The Warsaw Uprising Museum is building a replica of the American Liberator B-24J bomber, which dropped supplies to the insurgents of the Warsaw Uprising in 1944. The replica (wingspan – over 30 metres, fuselage – 20 metres) will stand in one of the exhibition halls as from 3rd May this year. The replica required permission from the US State Department as the Liberator is still listed as a combat aircraft.
When carrying its maximum weight, the Liberator weighed almost 30 tonnes. "If we visualise that in 1944 these machines descended to roof level over fighting Warsaw, we get an idea of their pilots’ skills.” – said Piotr Śliwowski, a historian at the Museum.

This is a world first regarding the machines reconstruction. The model is based on original design specifications (Radosław Sikorski, the Minister of Defence, gave the Museum microfilmed technical drawings of the machine and descriptions, in 2005), and it incorporates original parts from a Liberator shot down by a German fighter plane near Bochnia on the night of 14th-15th August 1944. That Liberator, flown by Capt. Zbigniew Szostak, was part of the Polish Squadron 1586 which flew from southern Italy to relieve Warsaw. Points of design detail in the replica were consulted with surviving airmen and mechanics of Squadron 1586. 

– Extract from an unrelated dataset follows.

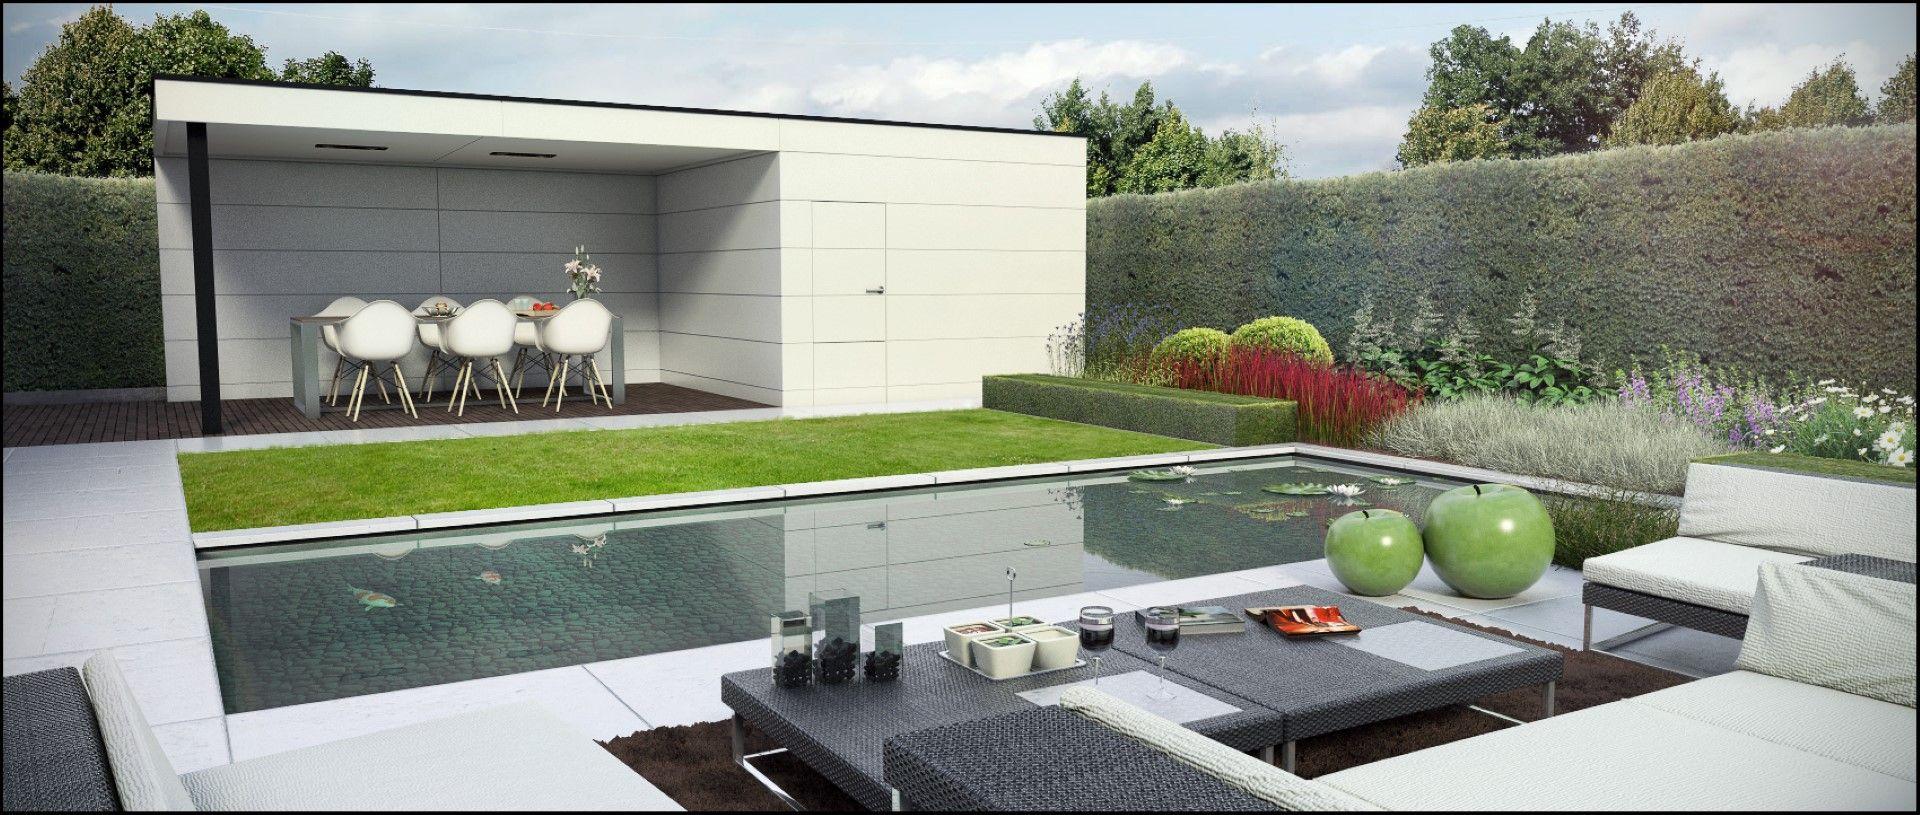 Eco tuinarchitectengroep 3d projecten moderne tuin for Tuinarchitect modern strak

Liberators became very popular and used on every World War II front. Primarily they served as bombers, but were also used for reconnaissance and transport missions, and as constituents of coastal defence units. Originally, they were built in five US production plants; over 19000 such machines were built during World War II.

http://img265.imageshack.us/my.php?image=10035081xj.jpg
http://img206.imageshack.us/my.php?image=10035101zc.jpg
http://img206.imageshack.us/my.php?image=10035180fb.jpg
http://img206.imageshack.us/my.php?image=10035199js.jpg
http://img53.imageshack.us/my.php?image=10035209tr.jpg
http://img53.imageshack.us/my.php?image=10035227ti.jpg


----------



## syscom3 (May 7, 2006)

Wow!

Keep us informed on this.

If you can take some pictures of the exhibits inside the museum, please do so and share with us.


----------



## Nonskimmer (May 7, 2006)

Very cool!


----------



## Wildcat (May 8, 2006)

Pretty sweet!


----------



## Gnomey (May 8, 2006)

Cool, be sure to take some pics.


----------



## evangilder (May 8, 2006)

Nice!


----------



## the lancaster kicks ass (May 13, 2006)

mmm, so she's going to be made exactily like the B-24 or more of just a metal shell?


----------